Le procureur général d’Egypte, suspendu de ses fonctions depuis octobre, a été limogé ce jeudi. Dans un même temps, le président égyptien, Mohamed Morsi, a, selon l’opposition, considérablement renforcé ses pouvoirs.
Le « nouveau pharaon ». C’est ainsi que Mohamed Morsi est surnommé par l’opposition égyptienne. Ce jeudi, il a prononcé le limogeage du procureur général d’Egypte, Abdel Maguid Mahmoud. Il est remplacé, pour une durée de quatre ans, par Talaat Ibrahim Abdallah. Le magistrat a fait l’objet de critiques virulentes après l’acquittement, le 11 octobre, des 24 prévenus dans l’affaire dite de la « bataille du chameau « . Un épisode sanglant du soulèvement populaire en Egypte. Des hommes de main du régime à dos de chameau s’en étaient pris violemment aux manifestants le 2 février 2011. La décision du procureur d’acquitter les prévenus lui a valu d’être démis de ses fonctions pour être placardé au poste d’ambassadeur d’Egypte au Vatican. Refus catégorique d’Abdel Maguid Mahmoud. Depuis, un bras-de-fer, achevé ce jeudi, opposait les deux hommes.

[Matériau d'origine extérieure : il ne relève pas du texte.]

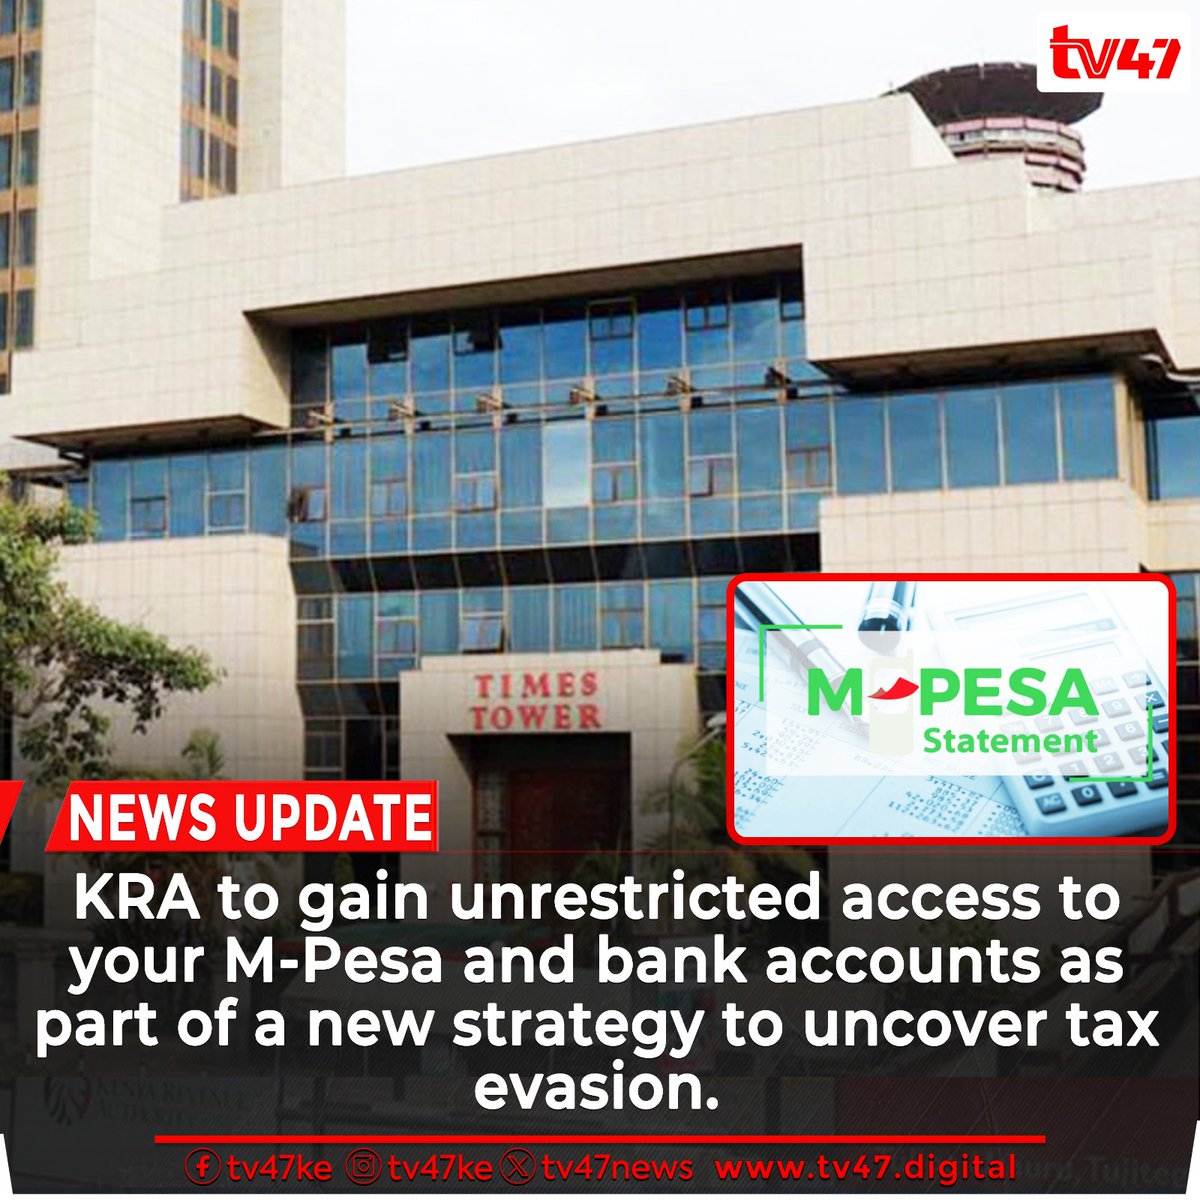 KRA to gain unrestricted access to your M-Pesa and bank accounts as part of a new strategy to uncover tax evasion. This means KRA could monitor transactions involving Paybills, bank accounts, and apps used for cash receipts by businesses and individuals. The government aims to

Par ailleurs, Mohamed Morsi a publié un décret interdisant à la justice de dissoudre l’Assemblée constituante ou le Conseil de la Choura, la Chambre haute du Parlement égyptien, sur lequel il a posé une immunité. « Le président peut prendre toute décision ou mesure pour protéger la révolution », a annoncé sur la télévision nationale, le porte-parole de la présidence, Yasser Ali. « Les déclarations constitutionnelles, décisions et lois émises par le président sont définitives et ne sont pas sujettes à appel » en attendant une nouvelle Constitution, a-t-il ajouté. D’après lui ces décisions visent à « nettoyer les institutions » et « détruire les infrastructures de l’ancien régime [de Hosni Moubarak] ». Certains hauts responsables militaires et de la police ont de quoi être inquiétés suite aux meurtres de manifestants en 2011. Le président n’exclut pas de traduire une nouvelle fois en justice l’ancien raïs, actuellement en détention à perpétuité.
Colère noire au sein de l’opposition
L’opposant Mohamed el-Baradei a désigné Mohamed Morsi comme étant le « nouveau pharaon d’Égypte ». Dans un Tweet, il écrit qu’ « aujourd’hui, Morsi a usurpé tous les pouvoirs. Un énorme coup porté à la révolution qui pourrait avoir d’épouvantables conséquences ».
Lever de boucliers chez les rivaux qui voient en ces décisions le début d’une monopolisation du pouvoir. Des manifestants s’organisent au Caire pour dénoncer les décisions de leur président, issu de la mouvance islamiste des Frères musulmans, élu en juin dernier. « C’est un coup contre la légitimité. (…) Nous appelons tous les Égyptiens à protester vendredi sur toutes les places d’Égypte », a déclaré Sameh Achour, chef du syndicat des avocats, lors d’une conférence de presse, rapporte l’AFP. Jeudi soir, des manifestants se trouvaient déjà près de la place Tahrir pour exprimer leur colère à la suite des annonces du président. « Nous n’avons pas mené une révolte pour remplacer un dictateur par un autre », a fustigé Khaled Ali, avocat et militant égyptien.
Le soutien à Morsi
Devant le palais de justice, ce sont en revanche des manifestants venus soutenir Mohamed Morsi qui s’étaient rassemblés ce jeudi soir. La décision de limoger Abdel Maguid Mahmoud a été applaudie par ses partisans qui estiment que « justice aux martyrs » de la « révolution du Nil » est faite. Ils espèrent aussi qu’elle contraindra les « corrompus à rendre des comptes ».
Mohamed Morsi a joué un rôle prépondérant pour calmer les tensions entre Israël et la bande de Gaza. Des initiatives saluées par la communauté internationales. De plus, la volonté de mener de nouvelles enquêtes sur les meurtres commis durant le soulèvement et de révoquer un procureur « hérité de l’ancien régime » sont de « bonnes décisions », selon Heba Morayef, de l’organisation Human Rights Watch, rapporte l’AFP. « Le problème fondamental, qui menace l’État de droit et tout l’équilibre démocratique, c’est de donner une immunité à tous ses décrets en attendant qu’il y ait une nouvelle Constitution », a-t-il ajouté.
En août dernier, les pouvoirs de Mohamed Morsi se sont renforcés lorsqu’il a écarté le ministre de la Défense, Hussein Tantaoui, chef du Conseil suprême des forces armées.